You think? It sounds really low to me, but I don’t know… Perhaps we should buy stock, LOL

Why is it when I go to the NetVentures website, I feel like I’m looking at a mafia? It felt really creepy (not a joke, really feels “wrong”) Also, their “portfolio” has Blender as their first entry. Hummmmmm…

I totally agree that they are victims of the bankruptcy, but why do they seem so sleezy?

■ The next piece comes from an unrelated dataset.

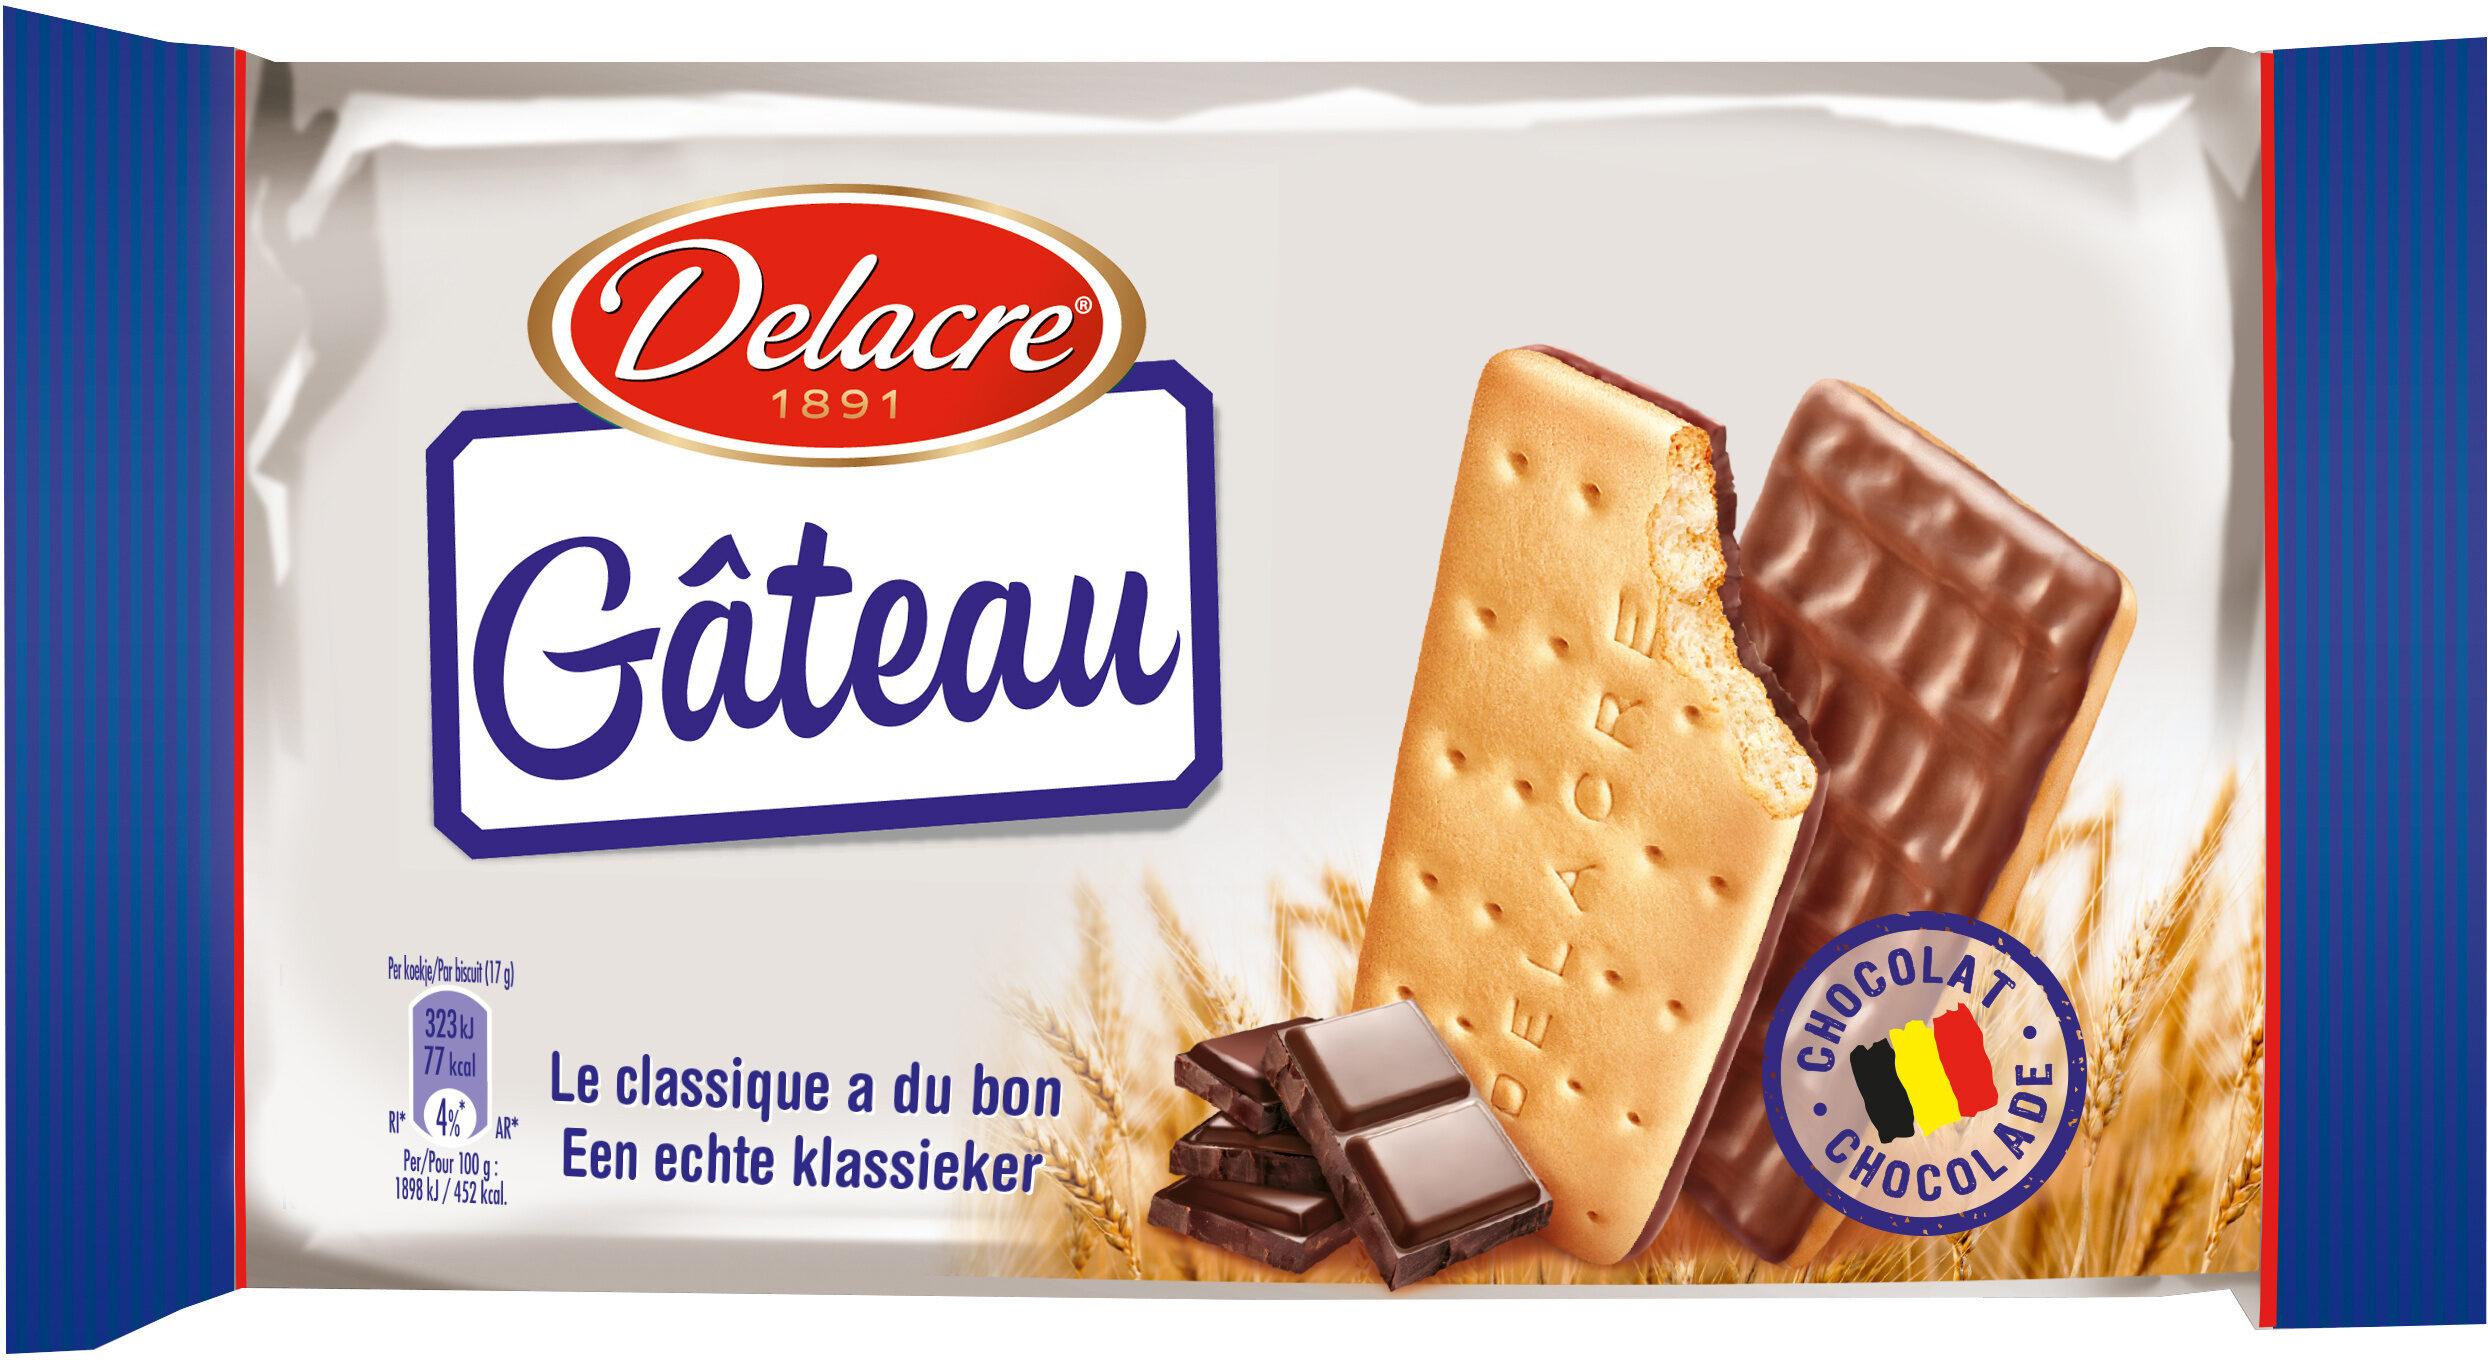 Delacre gateau chocolat - Product - fr

Ah it’s probably too late, my imagination is running wild again… best to go to bed, LOL.

Good nite, Love Ingie

well, it seems to me, that netventures is just taunting us by seemingly keeping nan and blender at a stand still, doing pretty much nothing to make a decision and batting down suggestions like open source for no apparent reason(at least not apparent to me cause i dont know how to follow all of this corporate mumbo jumbo)… i do thank netventures for keeping nan going in the first place, but right now, they dont seem to care about it and are coming to any kind of decision on what to do next…i dont like that… there website did feel wrong also, and it reminded me an an old fashioned mafia video, no kiddin! and it seems its in some language that they made up and i cant read it (hehehe)…

well, i have no idea of their intentions NOT to release the code and help blender have some kind of progressive future… it seems that if they were planning on dropping nan all together, they wouldnt still have them listed on their sight first in the profile, and they wouldve released the code as well…

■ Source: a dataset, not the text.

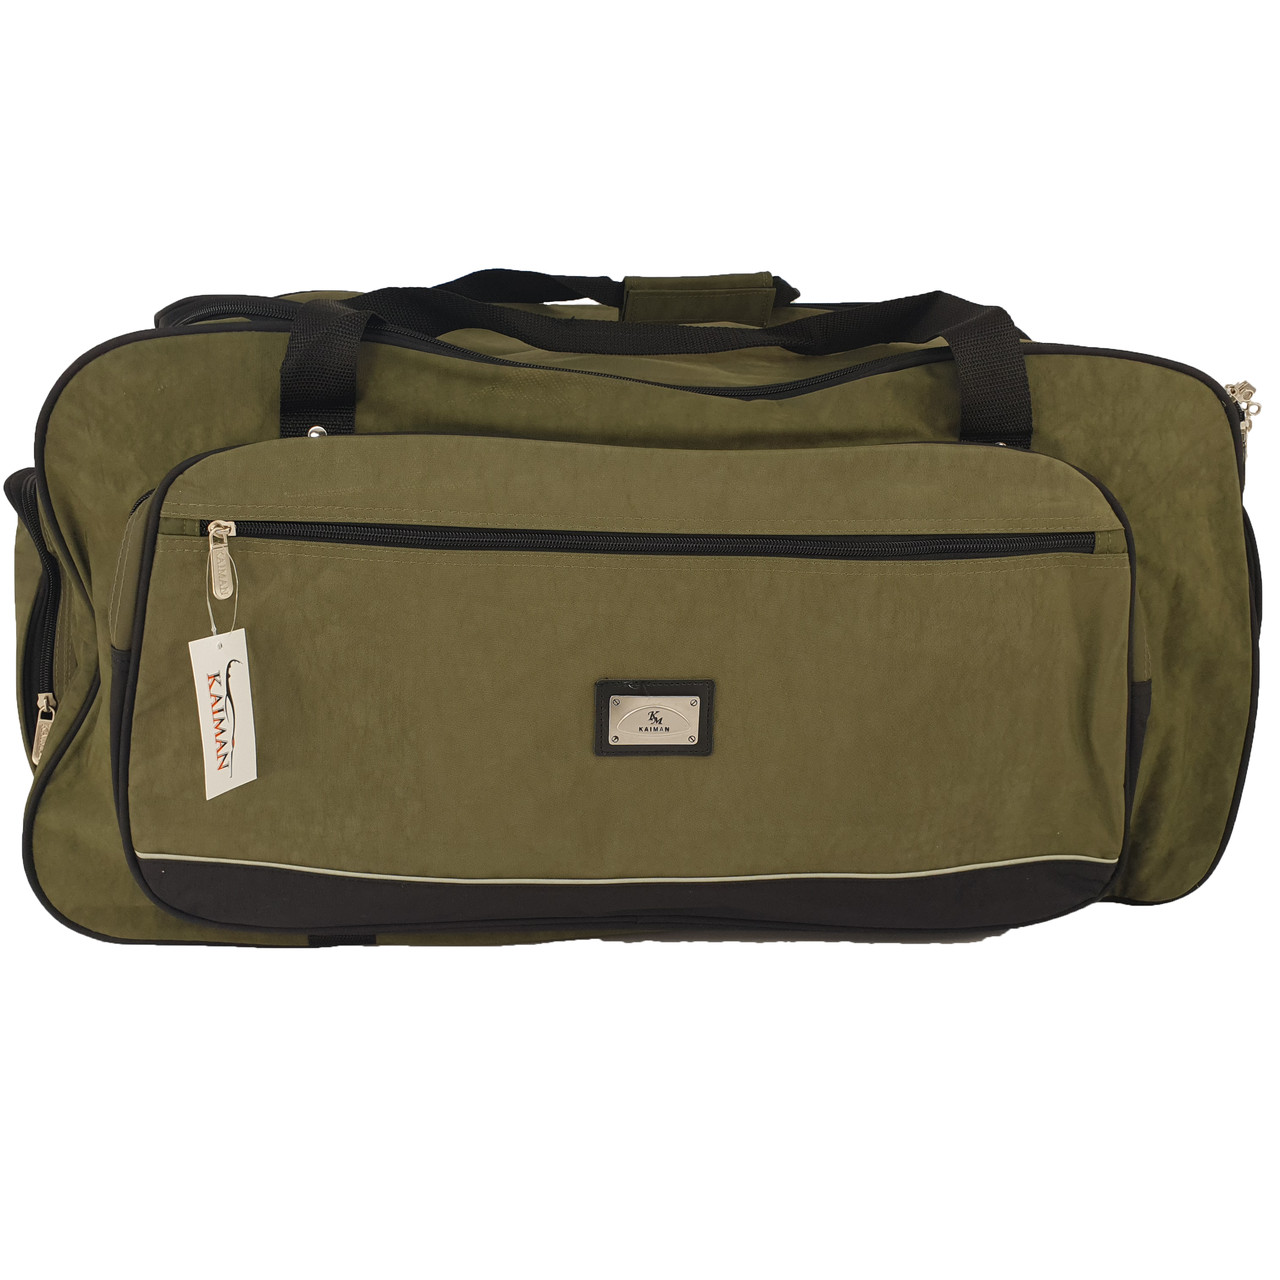 Дорожная сумка Kaiman 70 см Олива

*notice all the "seem"s… its hard enough to follow this corporate crap as it is, lol, now im trying to share my unsure view =)

-chris

whoa, i just realized theres an english version…go me!

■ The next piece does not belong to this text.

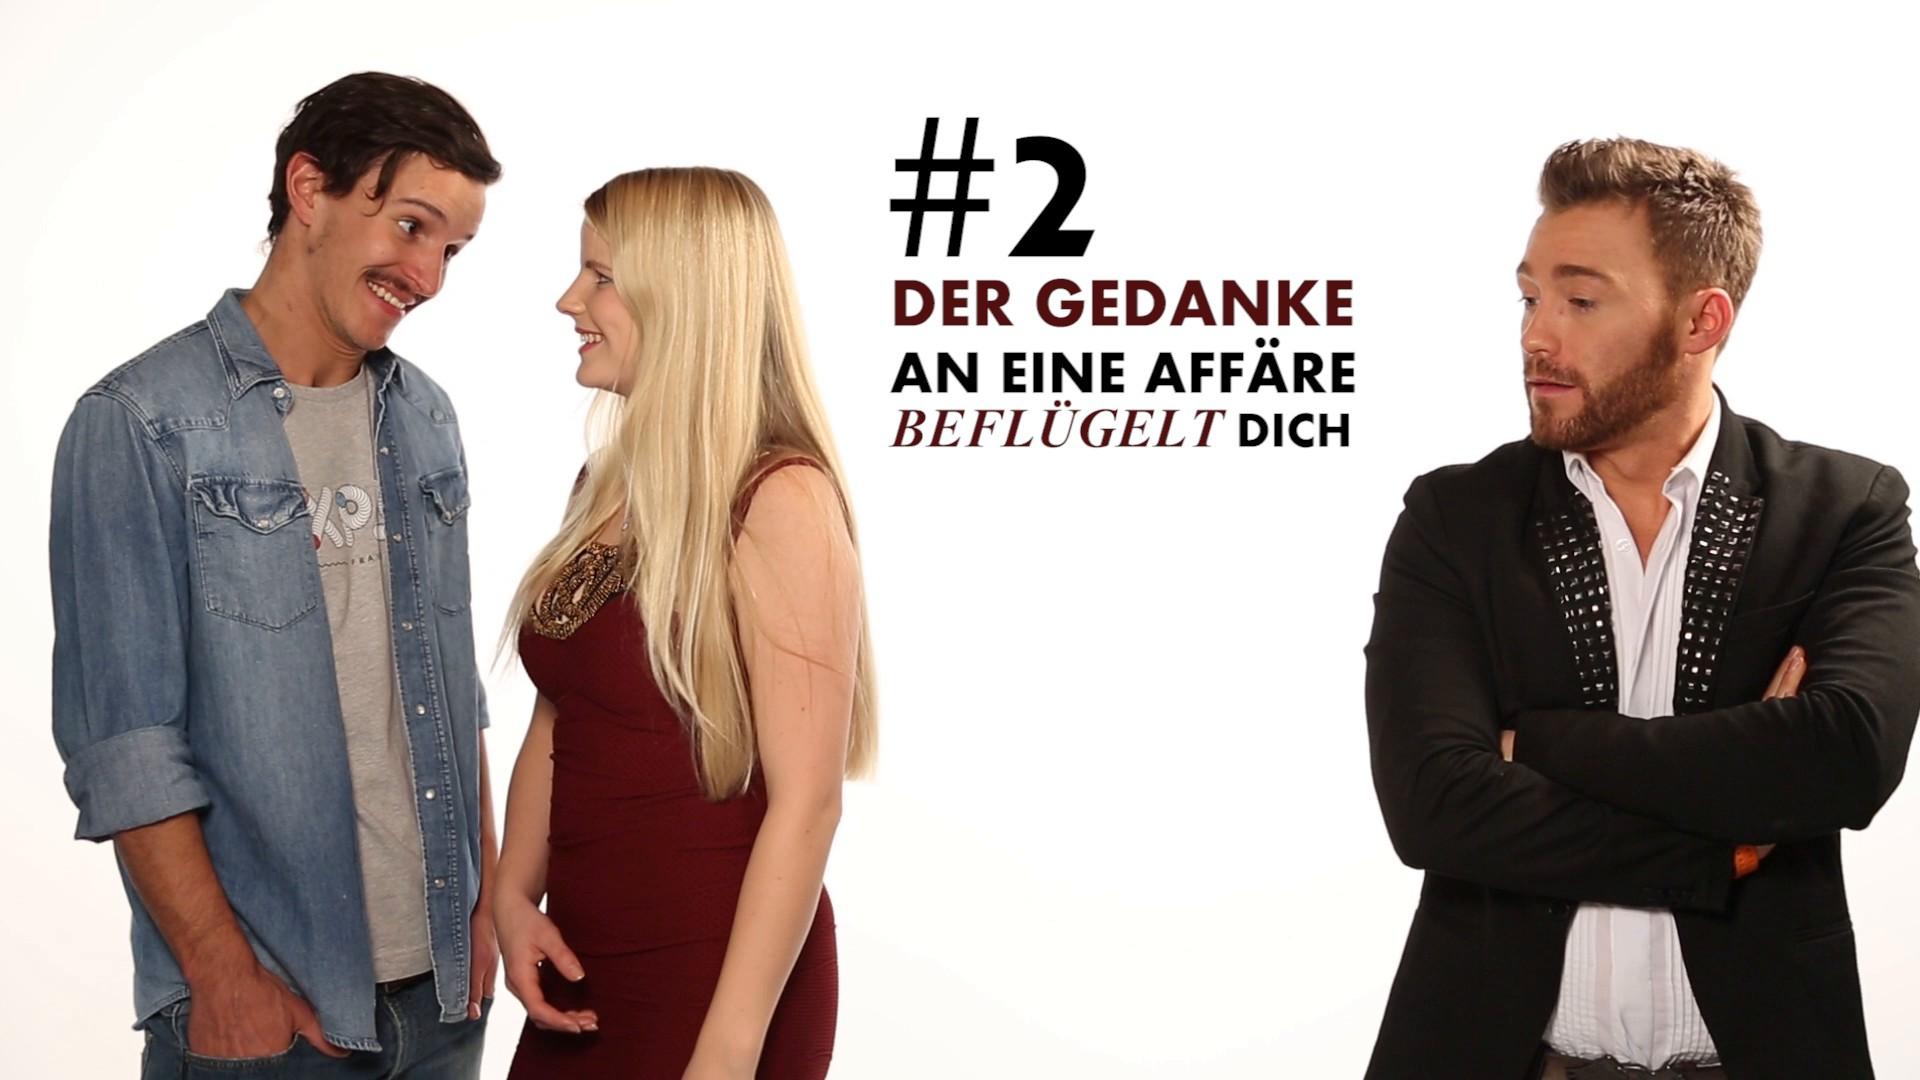 7 Anzeichen, dass du reif für eine offene Beziehung bist_EL.mp4: image 2

netVentures is just like almost any other company, out for money. It is a shame they feel the best way to do this is by ‘freezing’ Blender for now and not giving any of the plans which were supposed another chance.

Ah well,… I’m sure Ton’s will think of something to surprise us with.

personally I don’t see how e-mailing Ruud Veltenaar could help, but who knows perhaps he’ll show some heart :slight_smile:

Greetings,
Timothy

Hello to everybody.

In my opinion, this whole case with NetVentures riminds me a bit, of my last job. I was working for a small company, who had financial problems. One day, a large group of investors, came and paid some part of the companys debts in exchange for a share in the company. After that they did nothing to help (as they had promised), they just stayed watching the company to shrink. 2 months later they managed to take over the company :frowning: , and my boss got fired!!!

I don’t necessarily mean that NetVenture had this intention, but such a possibility, does have a strong point :wink: . It is possible that they were investing money in Blender, hoping NaN to fail and then take over everything…

Anyway (just in case Ton is reading this Thread), I’ve recently heard that, my ex-boss, is starting a new company from the begining, oferring the same services :smiley: . Wouldn’t it be a nice proposal???

I am really sorry for all these, I sure hope that there is some kind of solution.

Bye for now.

skontar : your right, like I was saying in another post, it was almost a suicide mission from the beggining. Pursing other feature (mobile 3D, etc…) before having the important stuff finished while in the mean time doing little to no marketing. You would think that if they took ‘x’ amount of money, and said ‘ok, lets get blender up to par, then market it to build a reputation outside of the normal community, then offer the extra features’ that would be a little more smarter than what seemed to have happened here.

one of the things my dad does is management consultancy, and one of his roles has been to evaluate potential purchases for venture capitalists. their priorities are intriging. the lot he dealt with would want to buy companies which they could make look better easily and then sell on at a greatly inflated price, so dealing in businesses as commodities. i’m not going to suggest that this did or didn’t happen here, with the VC looking to buy in so they can be deliberately bought out later, i just thought that might give some insight to the mindset.